With the SLS method, there is a wide range of materials to choose from. Generally, the materials are polyamides (typically, nylon) that can have additives to change the properties of color, strength, stiffness, etc.
For SLA printing, the raw material is flammable, toxic, and harder-to-clean resin. The SLA rapid prototype is very high in detail, but more rigid and brittle, not suitable for any mechanical purposes.
One significant difference between resin and nylon is their resistance to load stress. When the load is applied, resins tend to break in multiple pieces, which makes SLA prototypes are not very durable and not suitable for functionality testing. But nylon, with good elasticity, can return to the original shape with the elastic range. SLS prototypes are very durable, good for testing the functionality of the design.
You can choose the SLS or SLA printing service depending on the nature of your project.
2. Surface Finish
The most evident difference between SLA rapid prototype and SLS prototype is the surface finish.
In the SLS printing process, when sintering, the air that was originally in the powder goes to create microscopic air bubbles on the sintered material. You may not see those bubbles with your naked eye, but when you touch the surface, you might feel that it is slightly rough. But for SLA printing, polymerizing a liquid substance, usually, creates a smooth surface finish.
When it comes to the color, polyamide powder offers fewer options: black and white, or gray by mixing. There is no option for translucent or transparent in SLS printing. In contrast, using SLA printing, you can not only get translucent or transparent molds but also colored mold by adding color pigments to the resins.
SLA printing service is great for making molds for displaying while SLS printing is more suited to creating functional molds.
Both SLA and SLS require post-processing. SLA prototypes need to be cleaned to remove uncured resin, undergo a post-cure, thereby getting a smooth surface and higher strength. Polishing is mostly unnecessary in SLA printing. With SLS, the excess powder should be eliminated. And if you want to get smoother and shiner SLS molds, polishing can be applied to achieve it.
In addition, both SLA and SLS printed molds can be further cut, trimmed or glued to get much more and better surface finishes.
SLA printers are much smaller and cheaper than SLS printers, but it does not mean that SLS printed prototypes are more expensive. In fact, SLS printer is capable of producing larger models or more small models faster. If you are looking for a large number of molds, SLS printing is a more cost-effective option.

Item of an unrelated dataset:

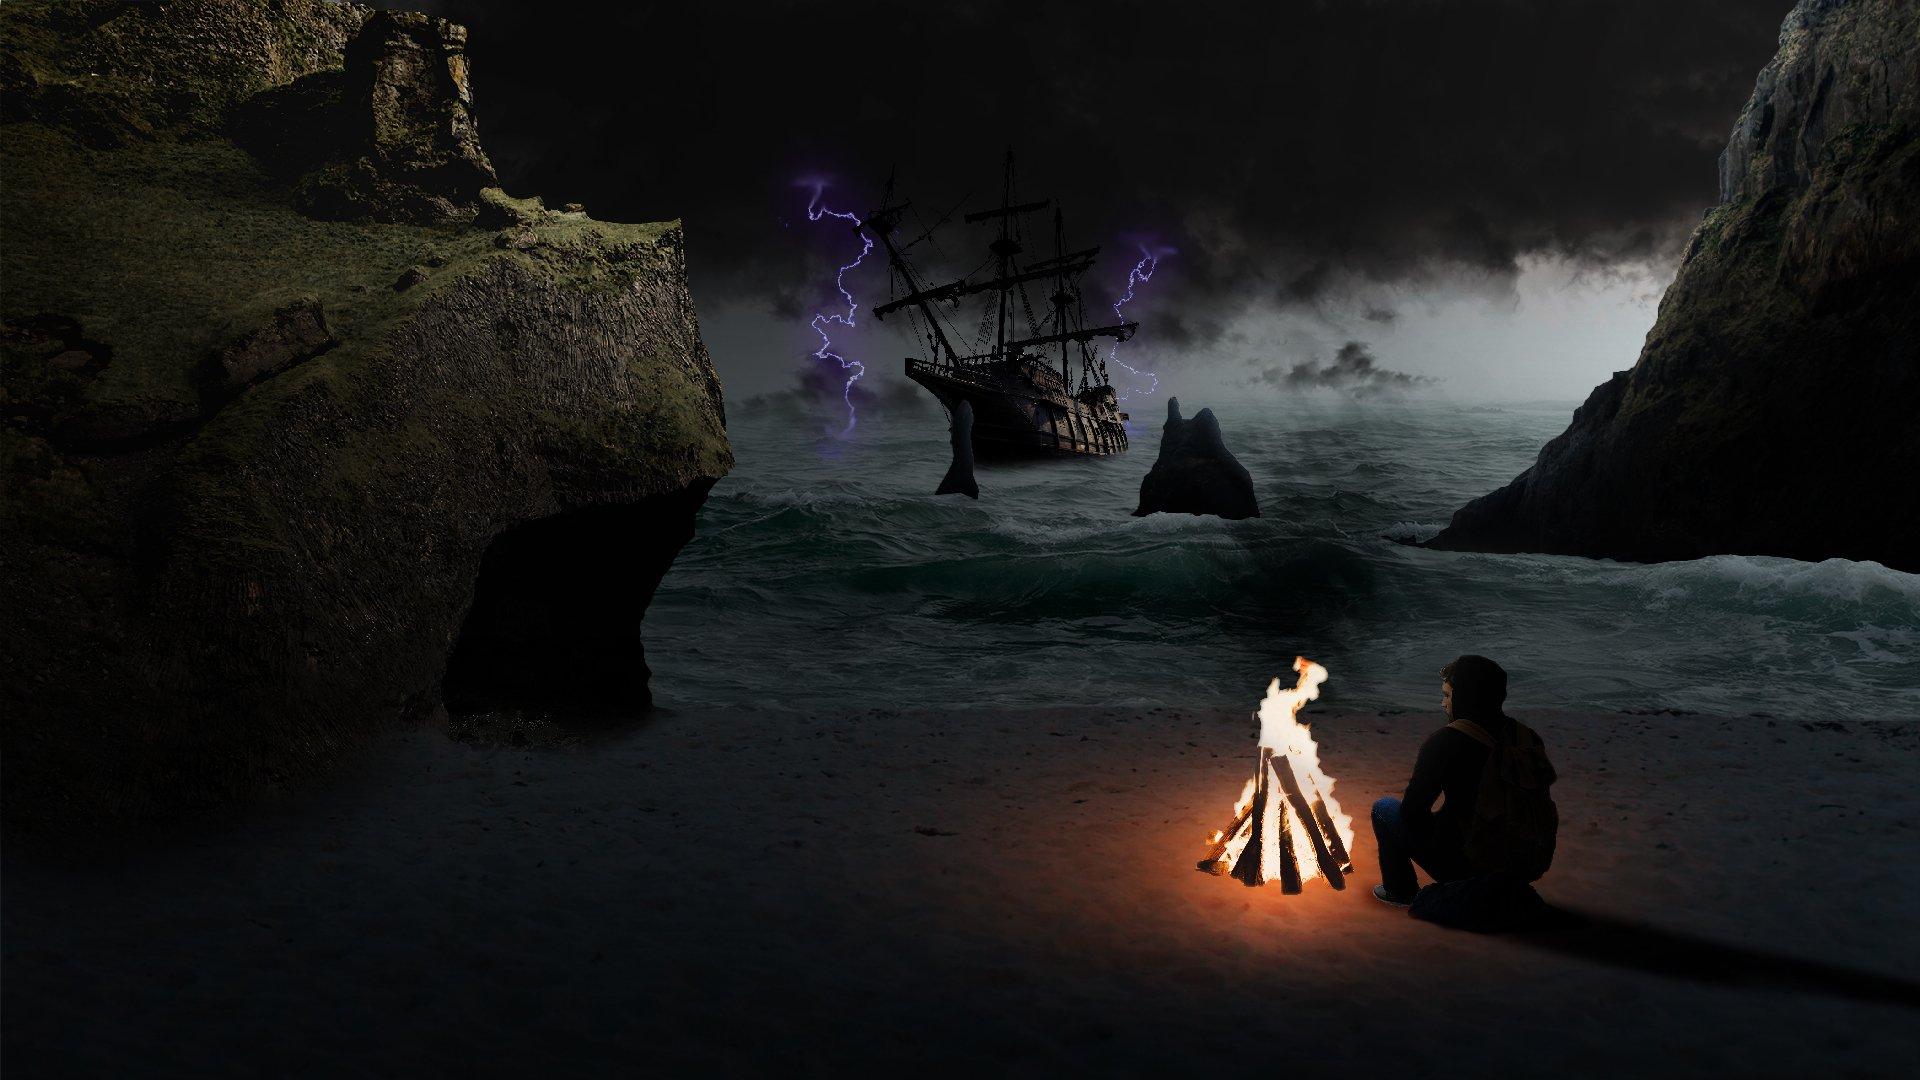 Художественные - Тьма  Пляж Буря Обои

SLS printing is more suited to large and high-volume production and to produce parts/molds that are focused more on functionality. In comparison, for parts/molds that require intricate features and details, and more visual appeal in order to attract attention in exhibition, SLA printing service may be the better way to go.
Of course, you can use both techniques in your project, but at different stages. For example, you may opt for SLS as a first prototype to keep costs down and test the functionality of your design, then choose SLA printing service for the final prototype, that is, the proofing prior to mass production.
Both SLS and SLA 3D printing technologies have cons and pros. As for which one works best for your rapid prototype manufacturing, it will depend on your project requirement.